= What you have to do =
Print nothing but the lines below starting at the line that holds "El hombre que" and ending at the line that holds "T2/T3 1901 Lady", including both, each exactly as written.

··· Records ···

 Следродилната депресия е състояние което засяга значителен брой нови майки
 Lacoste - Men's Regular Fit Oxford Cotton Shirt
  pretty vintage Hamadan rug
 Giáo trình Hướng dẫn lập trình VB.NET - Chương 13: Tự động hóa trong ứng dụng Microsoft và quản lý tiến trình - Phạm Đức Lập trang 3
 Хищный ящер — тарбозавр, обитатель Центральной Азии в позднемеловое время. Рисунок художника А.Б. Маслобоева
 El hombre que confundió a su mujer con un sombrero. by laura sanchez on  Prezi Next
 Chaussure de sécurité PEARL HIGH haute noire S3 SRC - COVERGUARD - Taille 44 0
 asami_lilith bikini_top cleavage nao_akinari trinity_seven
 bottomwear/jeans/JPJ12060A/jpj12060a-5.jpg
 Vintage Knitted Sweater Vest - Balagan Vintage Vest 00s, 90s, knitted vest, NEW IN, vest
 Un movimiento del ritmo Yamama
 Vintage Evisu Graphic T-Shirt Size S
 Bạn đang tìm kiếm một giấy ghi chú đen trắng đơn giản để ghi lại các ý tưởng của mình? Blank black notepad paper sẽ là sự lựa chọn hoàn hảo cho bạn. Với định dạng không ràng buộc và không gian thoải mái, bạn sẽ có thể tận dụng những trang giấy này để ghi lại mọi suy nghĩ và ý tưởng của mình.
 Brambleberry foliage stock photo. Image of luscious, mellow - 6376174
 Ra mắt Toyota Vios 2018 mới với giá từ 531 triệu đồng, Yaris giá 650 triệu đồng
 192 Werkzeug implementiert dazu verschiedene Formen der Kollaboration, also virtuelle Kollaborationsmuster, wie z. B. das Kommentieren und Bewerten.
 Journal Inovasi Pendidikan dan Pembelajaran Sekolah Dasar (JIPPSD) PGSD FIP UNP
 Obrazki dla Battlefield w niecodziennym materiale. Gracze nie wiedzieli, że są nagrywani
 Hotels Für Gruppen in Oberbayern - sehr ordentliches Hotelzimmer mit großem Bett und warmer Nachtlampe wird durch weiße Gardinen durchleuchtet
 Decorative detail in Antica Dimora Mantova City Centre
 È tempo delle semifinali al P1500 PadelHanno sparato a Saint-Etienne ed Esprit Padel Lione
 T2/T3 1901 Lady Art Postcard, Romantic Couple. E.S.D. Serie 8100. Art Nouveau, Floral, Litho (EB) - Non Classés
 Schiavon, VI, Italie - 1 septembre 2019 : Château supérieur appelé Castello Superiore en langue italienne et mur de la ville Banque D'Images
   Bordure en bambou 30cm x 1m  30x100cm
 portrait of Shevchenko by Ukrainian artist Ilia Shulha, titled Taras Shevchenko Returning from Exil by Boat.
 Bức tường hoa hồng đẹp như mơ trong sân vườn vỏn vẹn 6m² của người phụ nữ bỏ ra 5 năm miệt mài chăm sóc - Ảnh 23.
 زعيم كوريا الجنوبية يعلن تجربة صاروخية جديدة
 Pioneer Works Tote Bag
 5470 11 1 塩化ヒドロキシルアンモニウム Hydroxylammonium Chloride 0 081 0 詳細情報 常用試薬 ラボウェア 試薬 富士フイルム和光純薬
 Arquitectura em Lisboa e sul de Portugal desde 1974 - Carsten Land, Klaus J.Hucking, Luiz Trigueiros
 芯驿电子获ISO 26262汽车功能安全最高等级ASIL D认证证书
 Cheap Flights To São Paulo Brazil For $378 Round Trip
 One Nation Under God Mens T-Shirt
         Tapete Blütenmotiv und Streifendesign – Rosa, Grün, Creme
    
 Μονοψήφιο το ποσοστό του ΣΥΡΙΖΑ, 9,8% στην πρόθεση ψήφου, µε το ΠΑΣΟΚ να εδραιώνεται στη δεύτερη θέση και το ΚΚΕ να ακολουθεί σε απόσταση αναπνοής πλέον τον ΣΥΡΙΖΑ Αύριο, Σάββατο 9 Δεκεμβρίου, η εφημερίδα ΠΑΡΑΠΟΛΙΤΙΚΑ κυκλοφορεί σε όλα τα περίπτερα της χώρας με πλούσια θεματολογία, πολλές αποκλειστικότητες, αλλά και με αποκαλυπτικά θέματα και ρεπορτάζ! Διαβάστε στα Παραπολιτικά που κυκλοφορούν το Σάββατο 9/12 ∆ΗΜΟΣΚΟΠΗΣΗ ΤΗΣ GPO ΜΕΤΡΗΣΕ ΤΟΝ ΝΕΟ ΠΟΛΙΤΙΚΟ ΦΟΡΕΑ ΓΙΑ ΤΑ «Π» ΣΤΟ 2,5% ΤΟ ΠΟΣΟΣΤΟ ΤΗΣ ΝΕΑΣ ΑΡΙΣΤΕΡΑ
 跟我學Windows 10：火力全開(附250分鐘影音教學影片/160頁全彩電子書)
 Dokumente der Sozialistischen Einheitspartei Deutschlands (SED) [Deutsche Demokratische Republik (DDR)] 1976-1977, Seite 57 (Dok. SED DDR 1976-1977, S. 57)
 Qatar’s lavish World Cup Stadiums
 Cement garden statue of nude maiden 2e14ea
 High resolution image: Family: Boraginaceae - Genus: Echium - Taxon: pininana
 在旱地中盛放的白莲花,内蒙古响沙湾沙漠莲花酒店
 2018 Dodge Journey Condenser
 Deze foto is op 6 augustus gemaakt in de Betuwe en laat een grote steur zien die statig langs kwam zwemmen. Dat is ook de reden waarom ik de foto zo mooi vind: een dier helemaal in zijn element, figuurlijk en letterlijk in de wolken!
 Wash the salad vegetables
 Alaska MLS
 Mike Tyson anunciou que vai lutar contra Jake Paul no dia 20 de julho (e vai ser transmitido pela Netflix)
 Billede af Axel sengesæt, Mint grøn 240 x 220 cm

···

= Answer box =
 El hombre que confundió a su mujer con un sombrero. by laura sanchez on  Prezi Next
 Chaussure de sécurité PEARL HIGH haute noire S3 SRC - COVERGUARD - Taille 44 0
 asami_lilith bikini_top cleavage nao_akinari trinity_seven
 bottomwear/jeans/JPJ12060A/jpj12060a-5.jpg
 Vintage Knitted Sweater Vest - Balagan Vintage Vest 00s, 90s, knitted vest, NEW IN, vest
 Un movimiento del ritmo Yamama
 Vintage Evisu Graphic T-Shirt Size S
 Bạn đang tìm kiếm một giấy ghi chú đen trắng đơn giản để ghi lại các ý tưởng của mình? Blank black notepad paper sẽ là sự lựa chọn hoàn hảo cho bạn. Với định dạng không ràng buộc và không gian thoải mái, bạn sẽ có thể tận dụng những trang giấy này để ghi lại mọi suy nghĩ và ý tưởng của mình.
 Brambleberry foliage stock photo. Image of luscious, mellow - 6376174
 Ra mắt Toyota Vios 2018 mới với giá từ 531 triệu đồng, Yaris giá 650 triệu đồng
 192 Werkzeug implementiert dazu verschiedene Formen der Kollaboration, also virtuelle Kollaborationsmuster, wie z. B. das Kommentieren und Bewerten.
 Journal Inovasi Pendidikan dan Pembelajaran Sekolah Dasar (JIPPSD) PGSD FIP UNP
 Obrazki dla Battlefield w niecodziennym materiale. Gracze nie wiedzieli, że są nagrywani
 Hotels Für Gruppen in Oberbayern - sehr ordentliches Hotelzimmer mit großem Bett und warmer Nachtlampe wird durch weiße Gardinen durchleuchtet
 Decorative detail in Antica Dimora Mantova City Centre
 È tempo delle semifinali al P1500 PadelHanno sparato a Saint-Etienne ed Esprit Padel Lione
 T2/T3 1901 Lady Art Postcard, Romantic Couple. E.S.D. Serie 8100. Art Nouveau, Floral, Litho (EB) - Non Classés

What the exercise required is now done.